Не в последнюю очередь интерес к Михаилу Шишкину — не говоря уже о феерической премиальной судьбе1 — объясняется тем, что ему с блеском удалось претворить в жизнь тематические и формальные ожидания читательской аудитории, для которой вплоть до середины 1990-х образцом письма оставалась позднесоветская проза (Ю. Трифонов, А. Битов, В. Аксенов, В. Маканин и др.) и ее эпигоны, тогда как концептуалистские и иные практики, связанные с этической амбивалентностью, с расшатыванием языковых и социокультурных конвенций, иначе, как вызов, не воспринимались. В конце 1990-х — начале 2000-х, ознаменовавшихся значительным сокращением аудитории толстых журналов, эти ожидания, несколько огрубляя, сфокусировались на умеренной нелинейности структуры текста при сохранении квазиреалистического письма и этической однозначности: в качестве примеров можно назвать поздние вещи тех же Аксенова и Битова, для которых понятие нормы оставалось неколебимым на протяжении всего творческого пути. Впрочем, сближения с названными авторами не очень часто встречаются в прозе Шишкина; исключениями можно назвать лишь тематические переклички, одна из которых — воспроизведение модели деградирующей “интеллигентной семьи” (встречающееся в текстах Битова и Трифонова). Среди особенно повлиявших на него русских авторов прошлого века охотнее других Шишкин называет Владимира Набокова и Сашу Соколова2. Из зарубежных упоминается Джеймс Джойс3, чей opus magnum, переведенный и снабженный комментариями В. Хинкиса и С. Хоружего, был опубликован в конце 1980-х под эгидой “возвращения классики” и стал открытием для широкого советского читателя. Думается, в этом ряду влияний стоит и Уильям Фолкнер, чье творчество — в частности, роман “Шум и ярость” — оказало заметное влияние на позднесоветских и перестроечных авторов (в диапазоне от Марка Харитонова до Павла Крусанова): его работа со множеством точек зрения в рамках одного текста оказалась актуальной для отражения ситуации перелома эпох.
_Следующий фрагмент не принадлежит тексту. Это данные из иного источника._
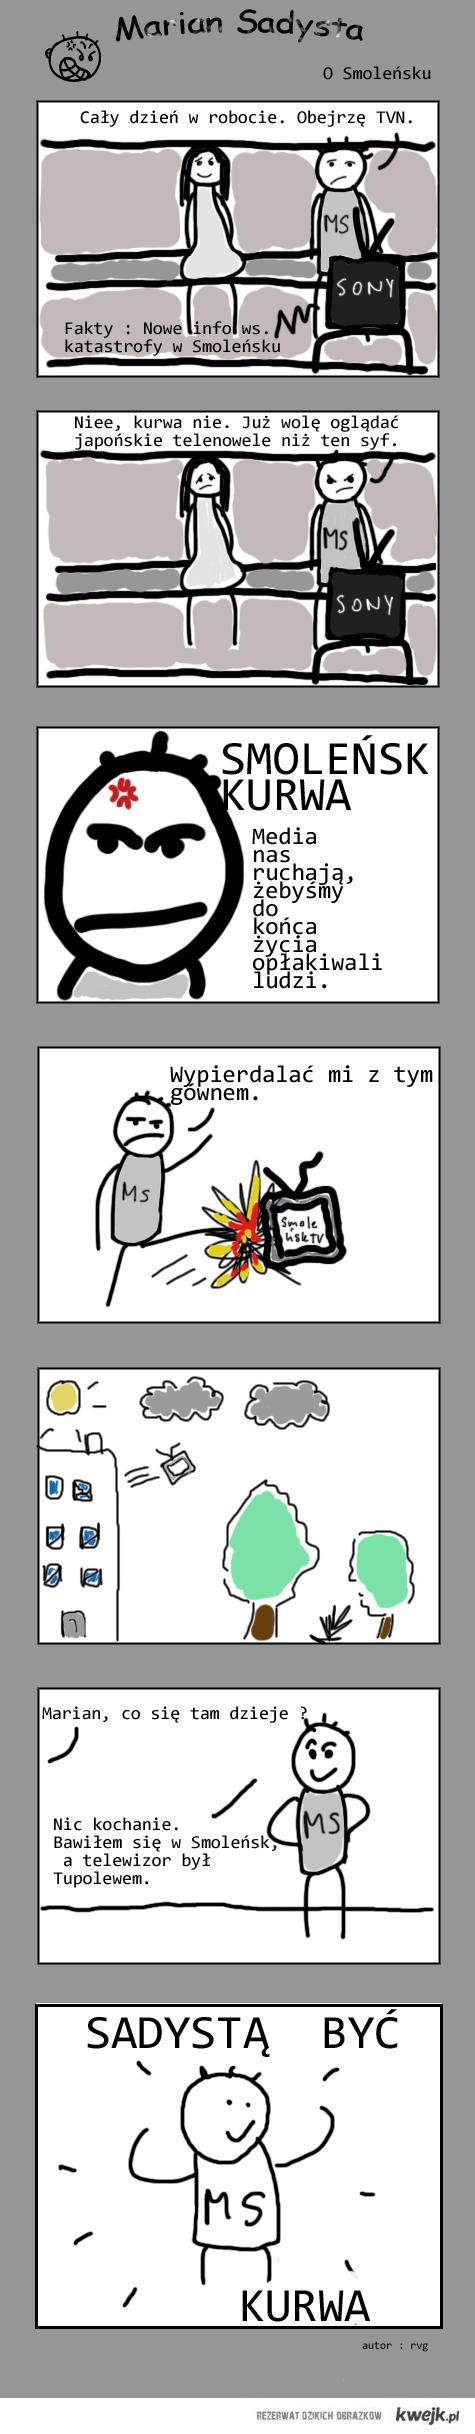 Marian Sadysta : O Smoleńsku

В семидесятые годы самостоятельно, почти не имея опыта чтения классических модернистских текстов, подобный метод разработал Саша Соколов, для романов которого характерна модификация позиции повествователя и изощренные языковые игры, проблематизирующие саму возможность описания реальности. После опытов обэриутов и Сигизмунда Кржижановского тексты Соколова были первым серьезным шагом к обновлению традиции, в рамках которой медиум, так сказать, оказывается важнее мессиджа. За рубежом в это же время подобные эксперименты были характерны для Сэмюэля Беккета, который в текстах 1960—1980-х годов стремился превратить “прозаический текст в сценарий <…> где с максимальной объективностью фиксируются мельчайшие изменения, происходящие с образом”4; некоторые из них вышли по-русски в конце 1980-х — начале 1990-х, время формирования авторской индивидуальности Шишкина, стремящегося пересмотреть не только “демиургическую” (в диапазоне от Владимира Набокова до Виктора Ерофеева), но и миноритарную позицию автора, сформировавшуюся в условиях неподцензурной словесности, ориентированной на радикальный формальный поиск и подчас исключающей саму возможность публикации (в первую очередь следует назвать тексты Павла Улитина, Леона Богданова, Бориса Кудрякова и Евгения Харитонова). Работая с матрицами классического русского романа, Шишкин моделирует характерные эпизоды, в рамках которых описание человеческих страданий соседствует с морализмом и сентиментальностью, которых давно не знала серьезная русская проза. Здесь уместно прибегнуть к прямой речи автора, в какой-то мере являющейся продолжением его художественных текстов: “Несущей конструкцией текста является царапание стилей, которое играет роль, традиционно отводимую конфликту между добром и злом, волей героя и роком, человеческим кулачком и медным всадником. Слова становятся героями, отстаивающими каждый свою картину мира, фразы — стилями. Друг о друга трутся не края фраз, а края мироощущений”5. При этом демонстрация “мироощущений” не превращается в нигилистическую констатацию исчерпанности эпистемологических сценариев или романа как жанра в целом, как это происходит в текстах Владимира Сорокина середины 1980-х (“Норма”, “Роман”), но отмечена стремлением обнаружить активные смысловые узлы в материале прошлого, пусть и скомпрометированном. Главная задача художника, по Шишкину, это переформатирование романной структуры при сохранении умеренно традиционалистского мессиджа6.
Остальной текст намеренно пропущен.